Massimo Brocchini, BID ’28, had never set foot in New York City before applying to Pratt Institute, but he had long dreamed of immersing himself in a global center for the arts, and instinctively felt that New York was where he belonged.
“I could picture myself feeding off the energy, the museums, the vast creative resources,” he said.
His intuition was confirmed when he toured Pratt’s Brooklyn campus. The bustling studios, state-of-the-art fabrication labs, and especially the expansive library convinced him he had made the right choice.
In high school, Brocchini had explored fine arts but found few opportunities to delve into Industrial Design, something that first captured his imagination through the handcrafted objects that decorated his childhood home in Houston.
“In my family home, everything is created and painted by my grandmother and my mother. My grandmother lives in Brazil and she sends us things like forks, knives, porcelain ducks, pigs, paintings, just all of these objects,” he said. “The fact that they both put their practice and skills into these little objects really blew me away as a kid. All these things were thought of by someone and then conceptualized and created. I wanted to be able to do that and make an impact in someone’s life.”
New Perspectives
Entering Pratt’s yearlong Foundation program, designed to equip art and design students with creative fundamentals, processes, and a practice of critical inquiry, initially challenged what Brocchini thought he knew.
He remembers how on the first day of his “Visualization / Representation” class, his professor asked the class to draw spirals over and over with charcoal.
“The exercise seemed so rudimentary, but really focusing on doing that was such a challenge for me,” he said. “It was like reverse-engineering for my skills. It really helped to bring me down and build me back up.”

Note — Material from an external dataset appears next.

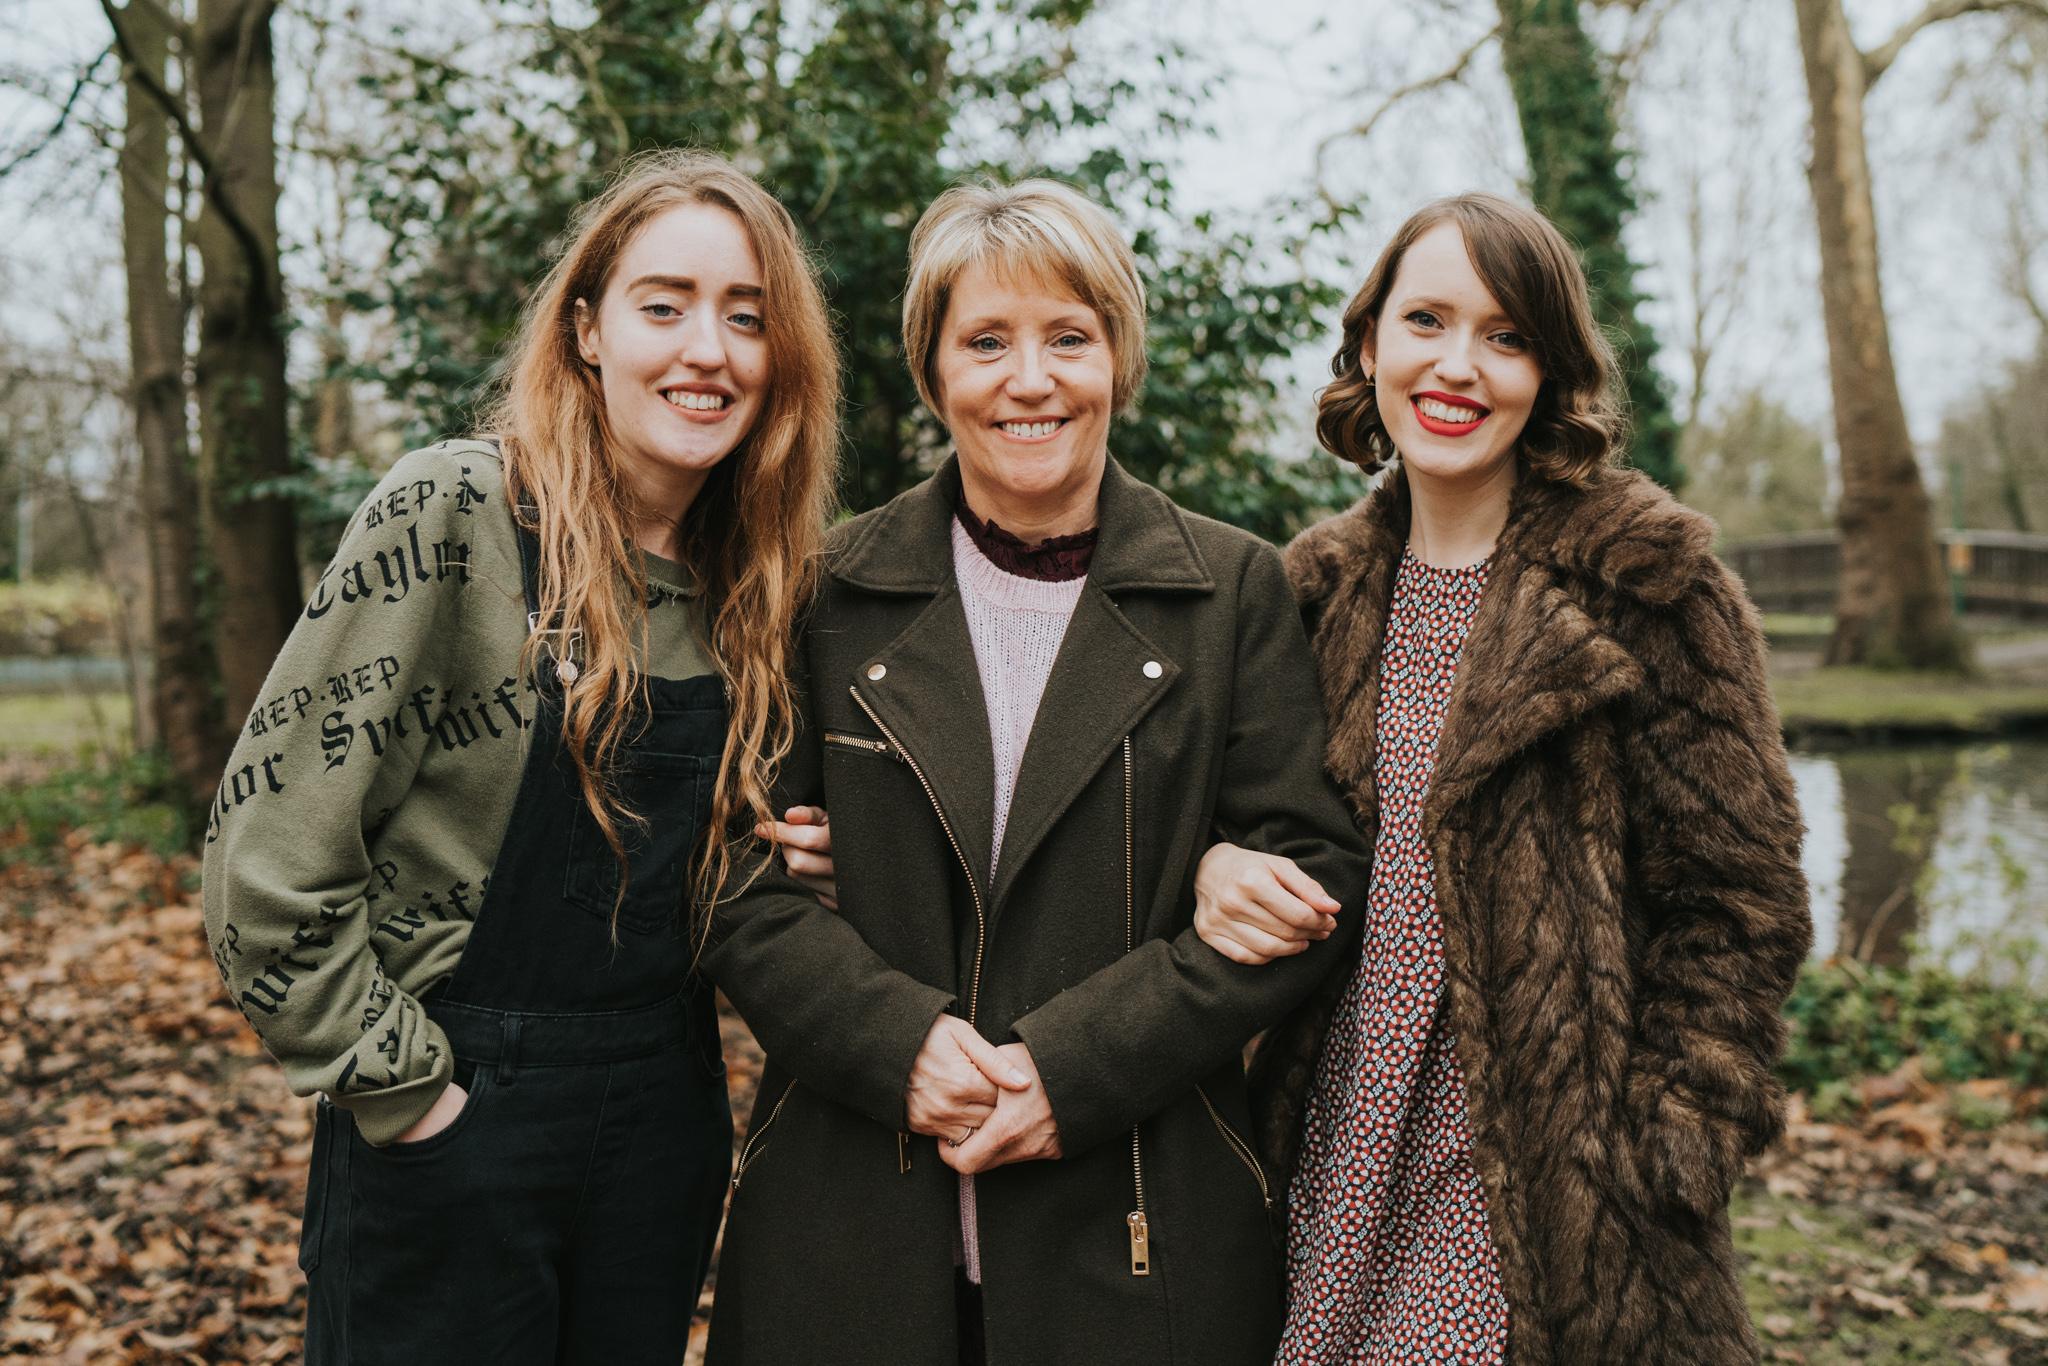 Hertfordshire-extended-family-session-grace-elizabeth-colchester-essex-alternative-wedding-photographer-suffolk-devon-norfolk (9 of 26).jpg

Courses such as “Time and Movement” and “Light, Color, and Design” pushed him to embrace new mediums and methods of expression. He created an accordion book and approached digital media for the first time.
“I was a little reluctant going into that class but I really felt that each teacher was there for me and walked me through these concepts that I didn’t really know before,” he said. “They really helped me build my skills and expand my practice.”

Foundation has offered Brocchini not only a space to deepen his own artistic practice but also connections that expanded his horizons. His Foundation cohort, a community of fellow students in Foundation year, included film students, animators, and future art educators, all with unique insights and perspectives.
“Seeing their work motivated me to push myself harder,” he said. “Everyone around me is so talented. You feel like you can do anything with these people, that they’ll support you and critique you and make you better. We’ve really grown together as a cohort.”

Branching Out
Eager to experience what he called New York’s “boundless opportunities,” Brocchini takes advantage of Pratt’s museum membership access to visit world-renowned spaces like the Metropolitan Museum of Art and the Museum of Modern Art. He also finds inspiration on campus, admiring the various specimens in the Foundations Lab, sitting on benches and reflecting in the Sculpture Park, or browsing titles in the library.
“The library is such an amazing space to get inspired,” he said. “I probably check out three books every two weeks just to read and look through.”
While working part-time as a production assistant in the 2D Design Lab, he learned how to use laser cutters, waterjet cutters, and other industrial machinery. He also dove deeper into his field of industrial design by joining the AIGA, a design club that hosts industry professionals to discuss trends and career paths. He plans to participate further with Pratt’s Industrial Design Student Association next year so that he can learn from other designers.
Brocchini hopes to one day build furniture that enhances people’s lives through beauty, purpose, and sustainability. If he ever gets stuck, he knows he can return to the lessons of his Foundation year for a way forward.
“I’ve found that putting a label on what I am, as an industrial designer, is not something that should limit me,” he said. “It’s something that I can branch off of. You can take stuff from other fields and implement it into your work.”